The bill, Sb 243It has been introduced as part of the efforts to regulate the precautionary measures that companies that operate chatbots must introduce to protect children. Among the requirements that the bill will establish: it will prohibit companies from “providing” consumers from increasing engagement or use, to require companies to report to the State Department of Health Services how often minors show signs of suicidal idea and provide periodic periodic reminders that chatbots are generated by AI, not human.

This last bit is especially German at the moment, as children are shown as quite vulnerable to these systems. Last year 14-year-old Tragically took his life After developing an emotional connection to a chatbot accessible in nature.AI, a chatbot service, modeled after various pop culture characters. The child’s parents have trial During the death, accusing the platform of being “unjustifiably dangerous” and without sufficient safety railings, although they were launched on the children’s market.

Researchers at the University of Cambridge have found The fact that children are more likely than adults to view AI chatbots as reliable, even to view them as quasi-human. This can put to children at considerable risk when chatbots respond to encouraging without any protection. Here’s how, for example, researchers managed to get Snapchat’s built -in AI Provide instructions to a hypothetical 13-year-old user How to lie to their parents to meet with a 30-year-old and lose their virginity.

Have potential benefits Children feel free to share their feelings with a bot if this allows them to express themselves in a place where they feel safe. But the risk of insulation is real. Small reminders that there is no person from the other end of your conversation can be useful and interfere with the cycle of addiction that technological platforms are so skilled in capturing children through multiple times Dopamine hits is a good starting point. If we do not provide these types of interventions, as social media started to take over, it is part of how we got here in the first place.

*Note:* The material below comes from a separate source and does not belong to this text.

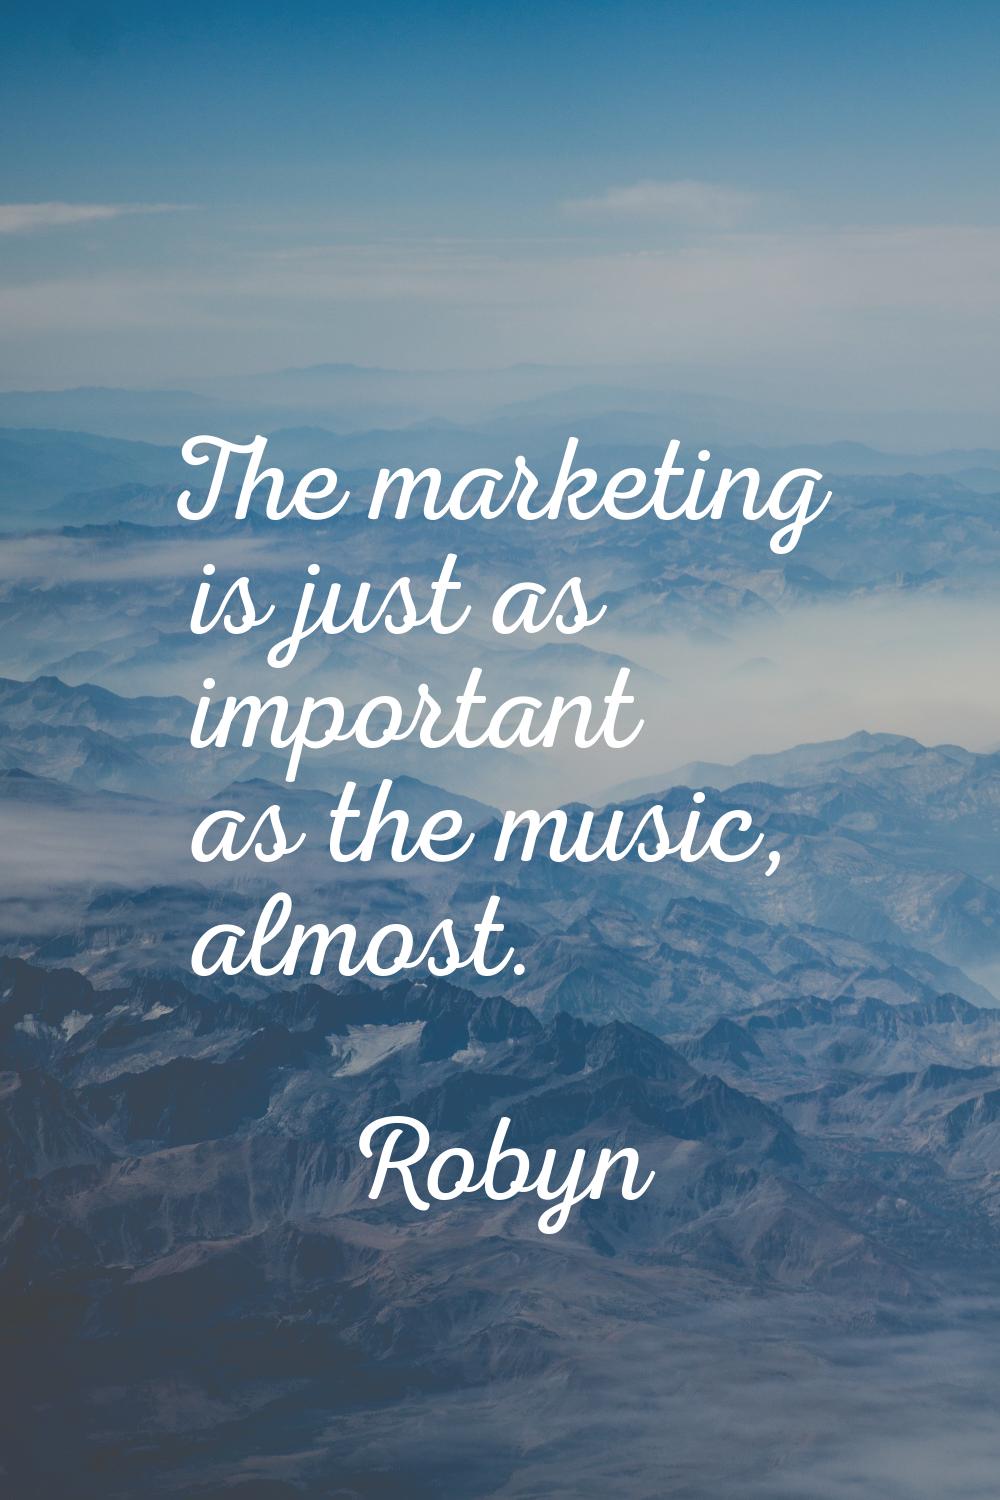 The marketing is just as important as the music, almost.

But these defenses will not cope with the main problems that lead to children who seek the support of chatbots first. There is a severe lack of resources to facilitate real life relationships for children. Classrooms are too stuffed and underfined., Once the school programs are in declinethird places“Continue to disappear and have a deficiency of child psychologists To help children process everything they do. It is a good idea to remind the children that chatbots are not real, but it would be better to put them in situations where they do not feel like they should talk to bottles first.